What needs to be done. Everything from the line with "Berlin, Branderburg Gate" down to the line with "深秋色彩-中央公园2_图1-1" below must be printed exactly, those two lines included. Exclude pictures.

Given records.
Segment Open

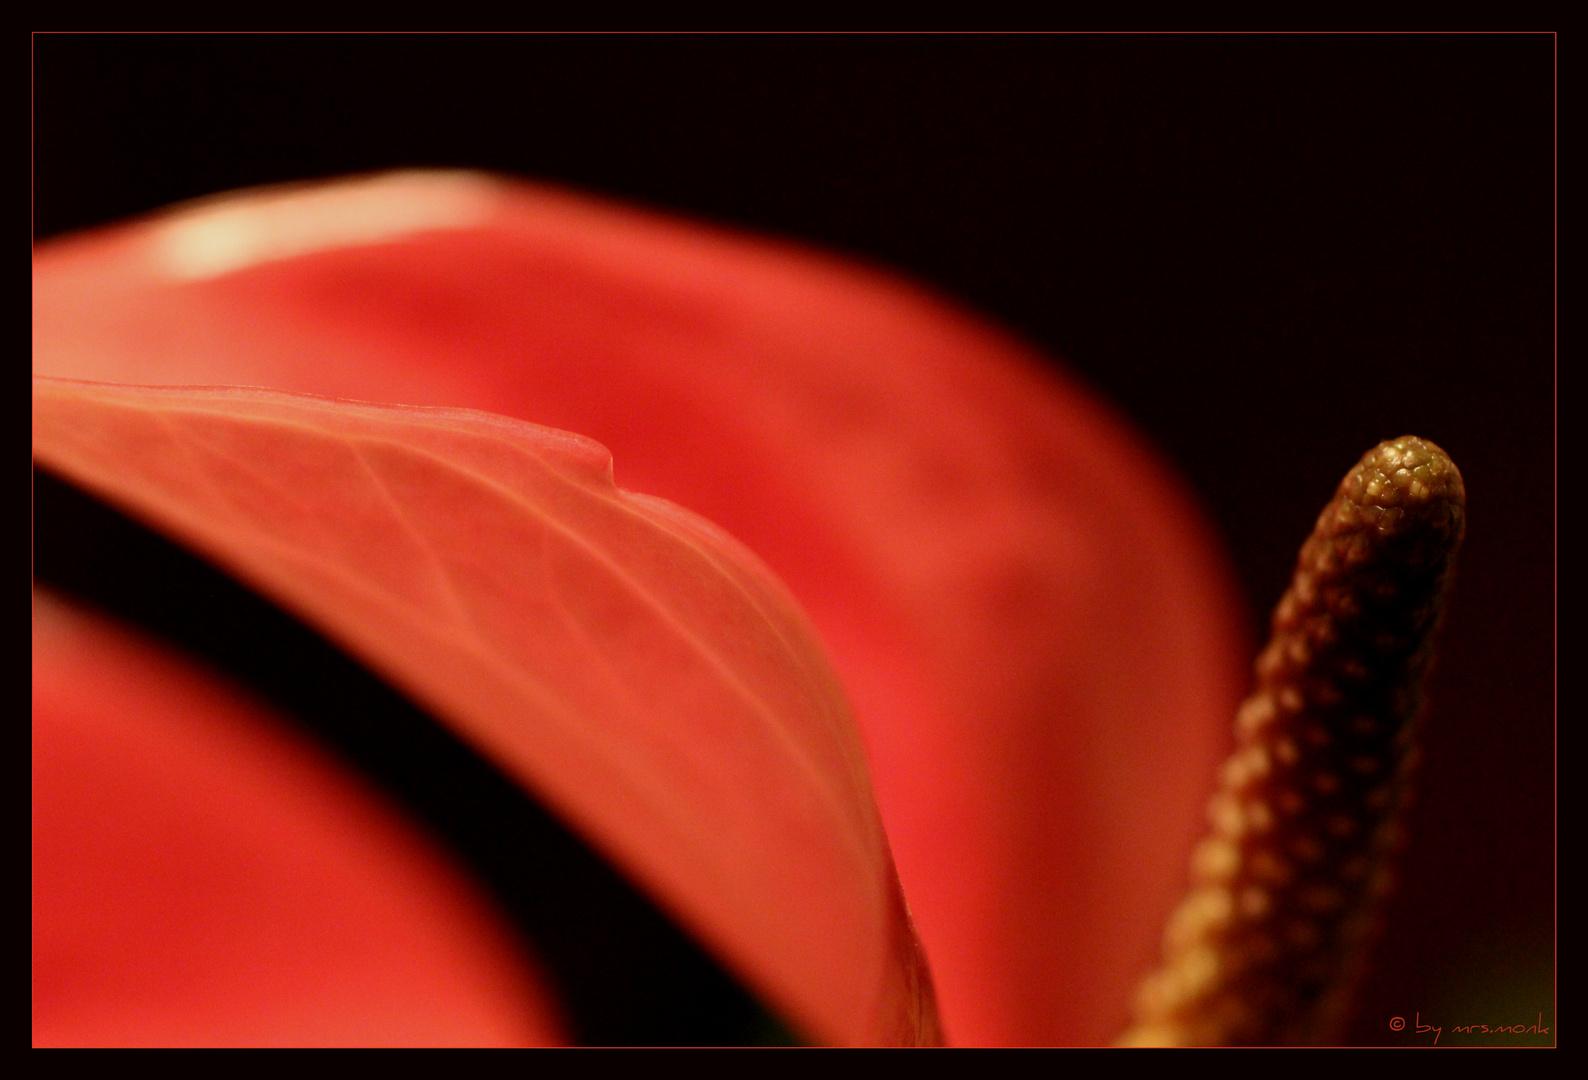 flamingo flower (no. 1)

Segment Closed
Segment Open

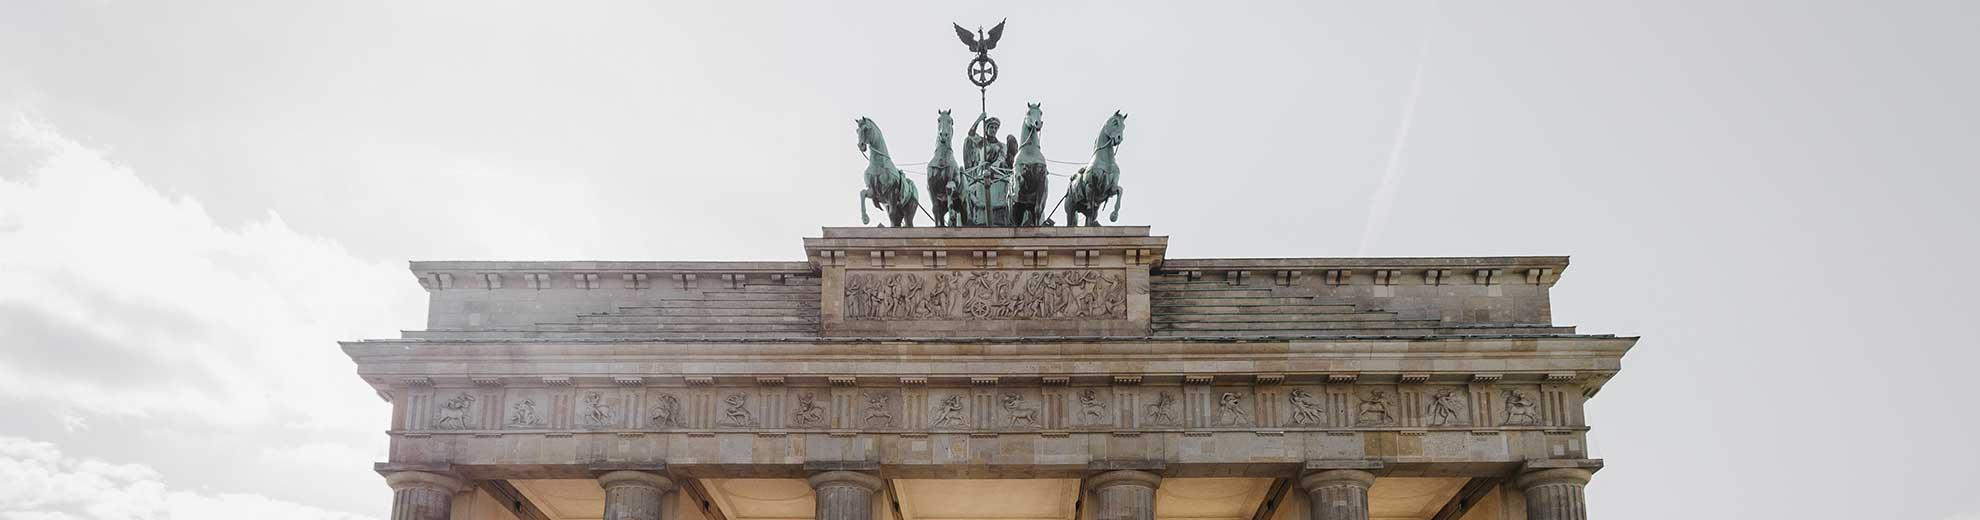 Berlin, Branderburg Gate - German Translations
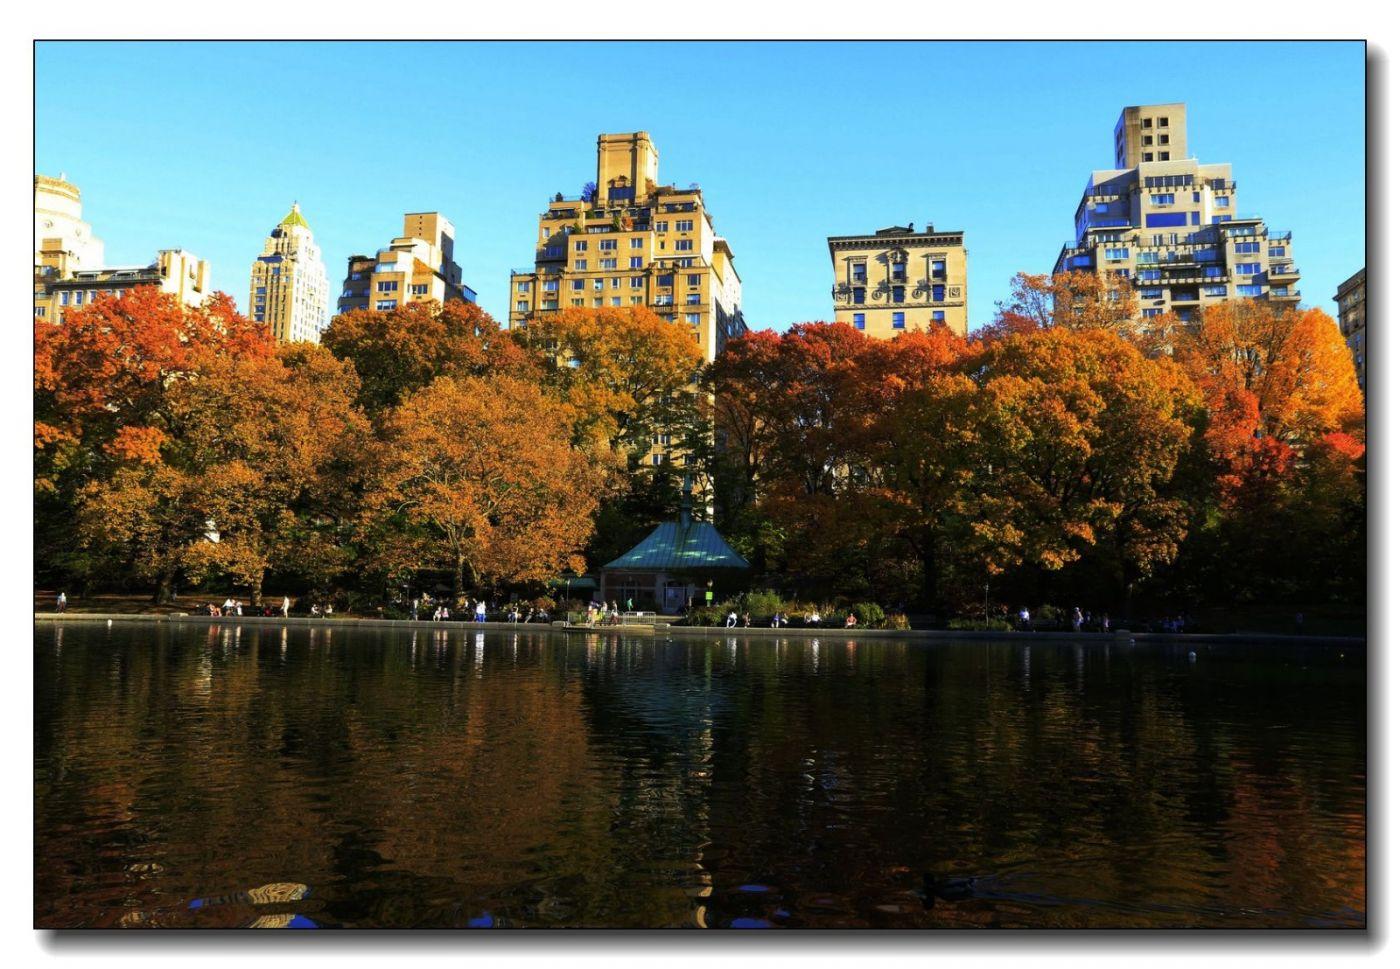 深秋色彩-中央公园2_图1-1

Segment Closed
Segment Open

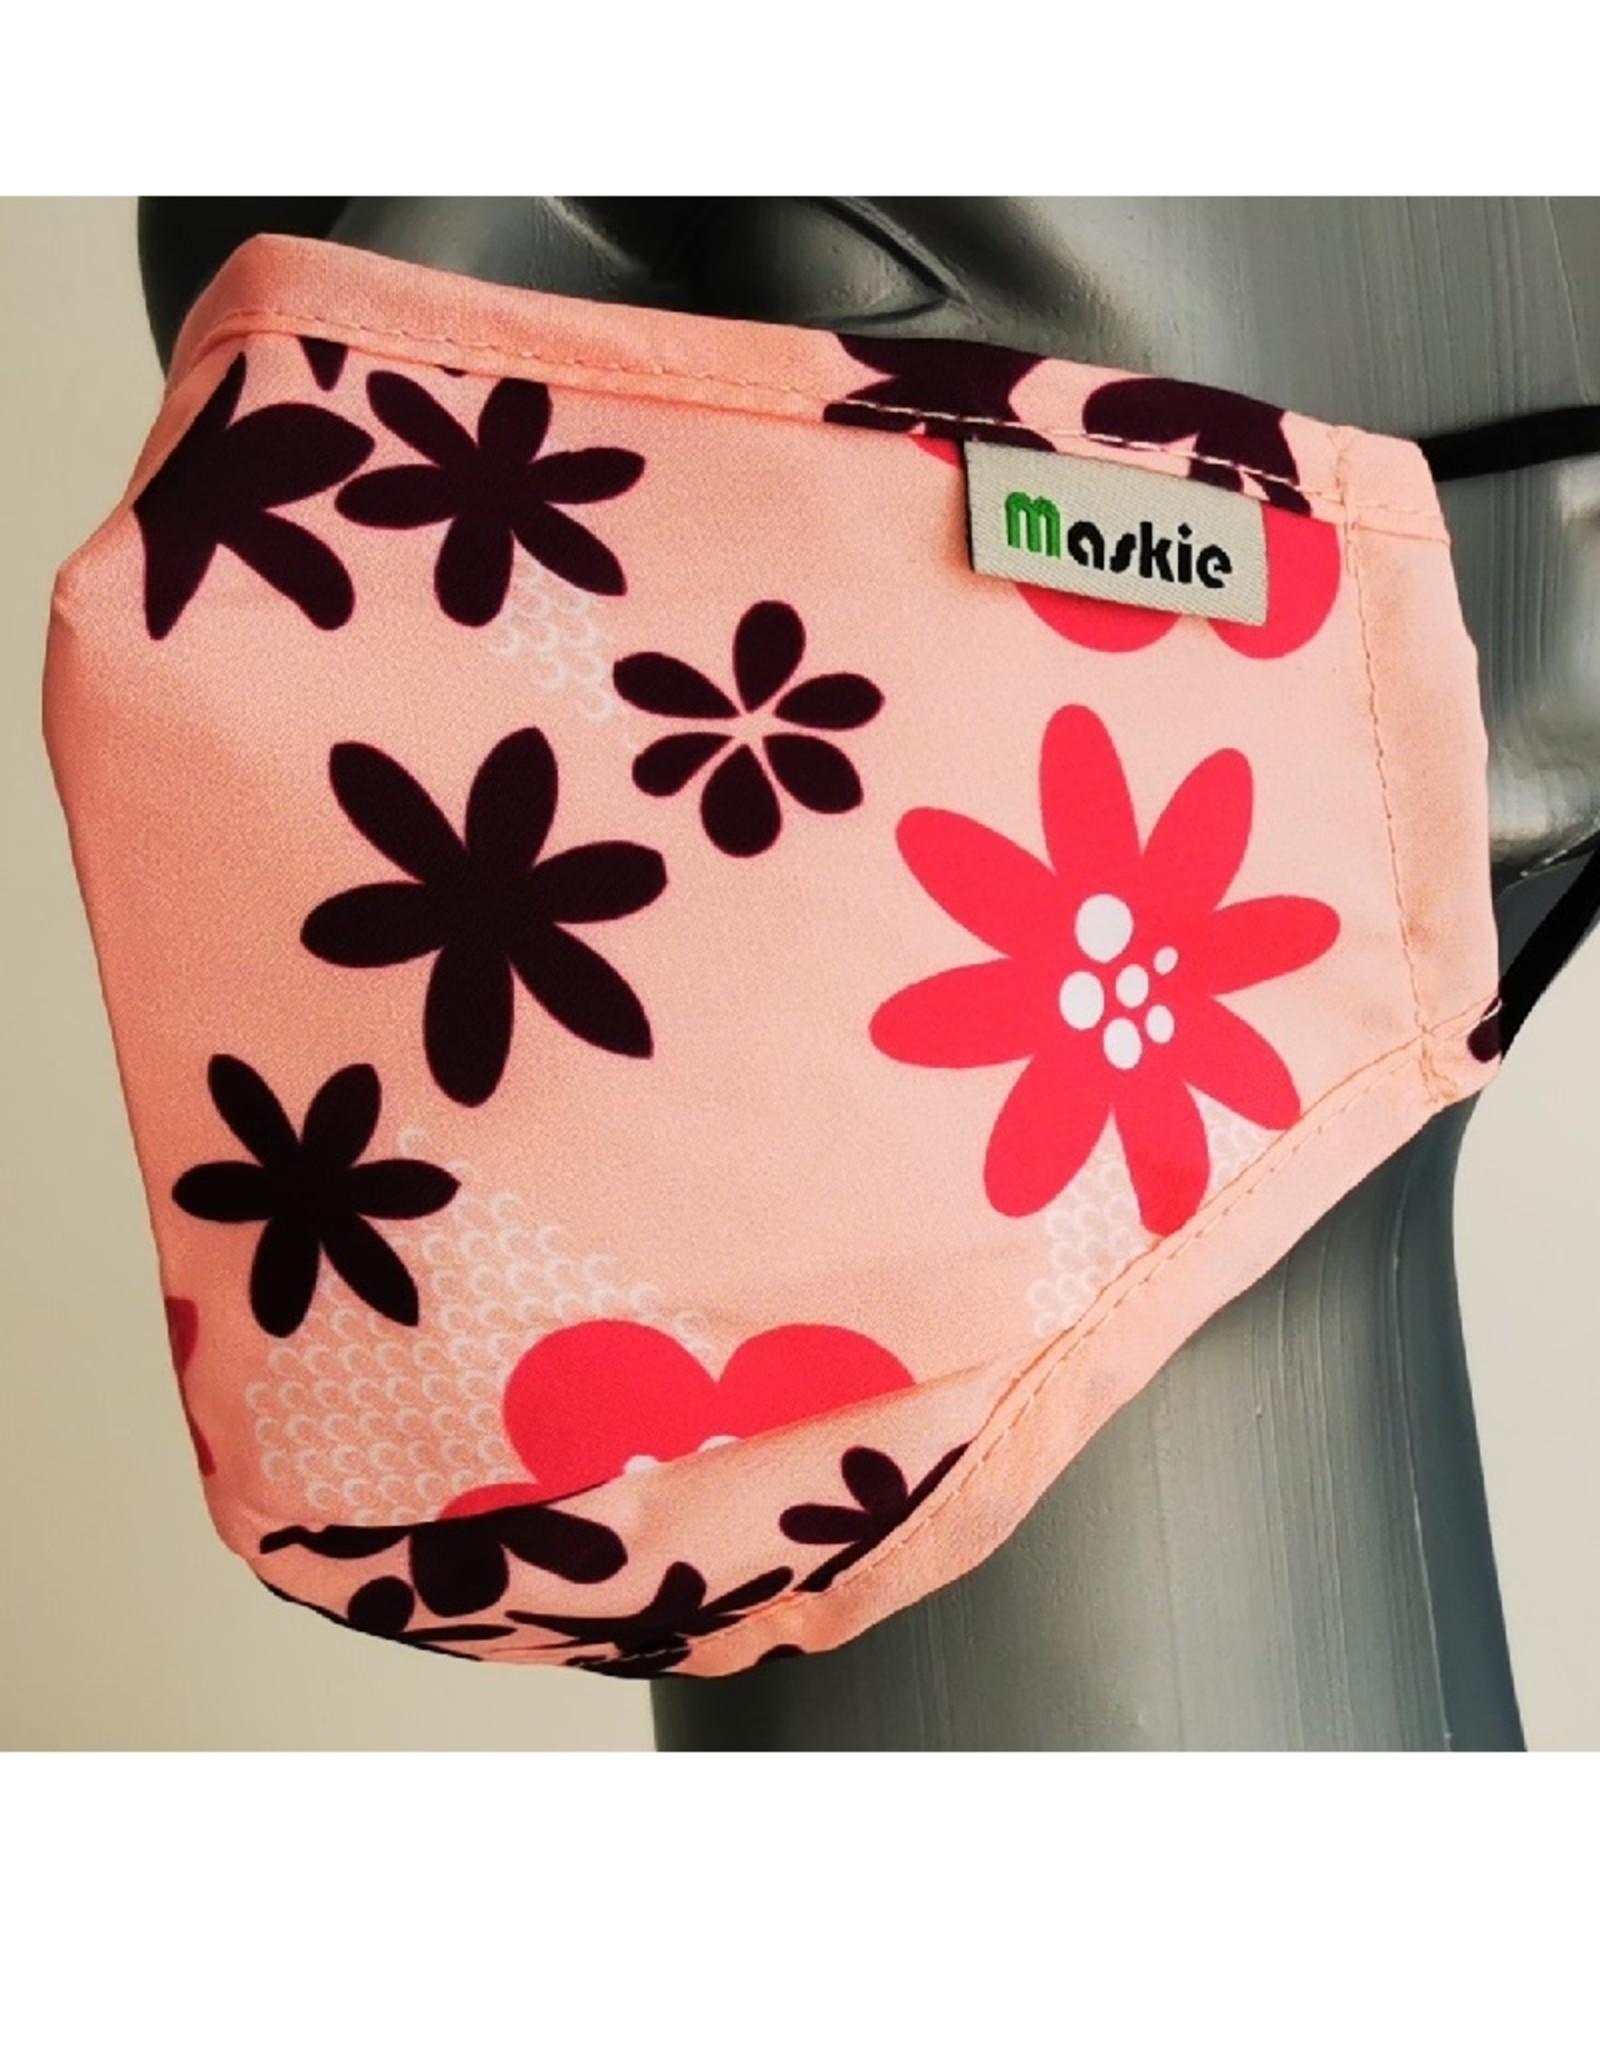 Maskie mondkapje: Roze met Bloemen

Segment Closed

Answer to the exercise.
 Berlin, Branderburg Gate - German Translations
 深秋色彩-中央公园2_图1-1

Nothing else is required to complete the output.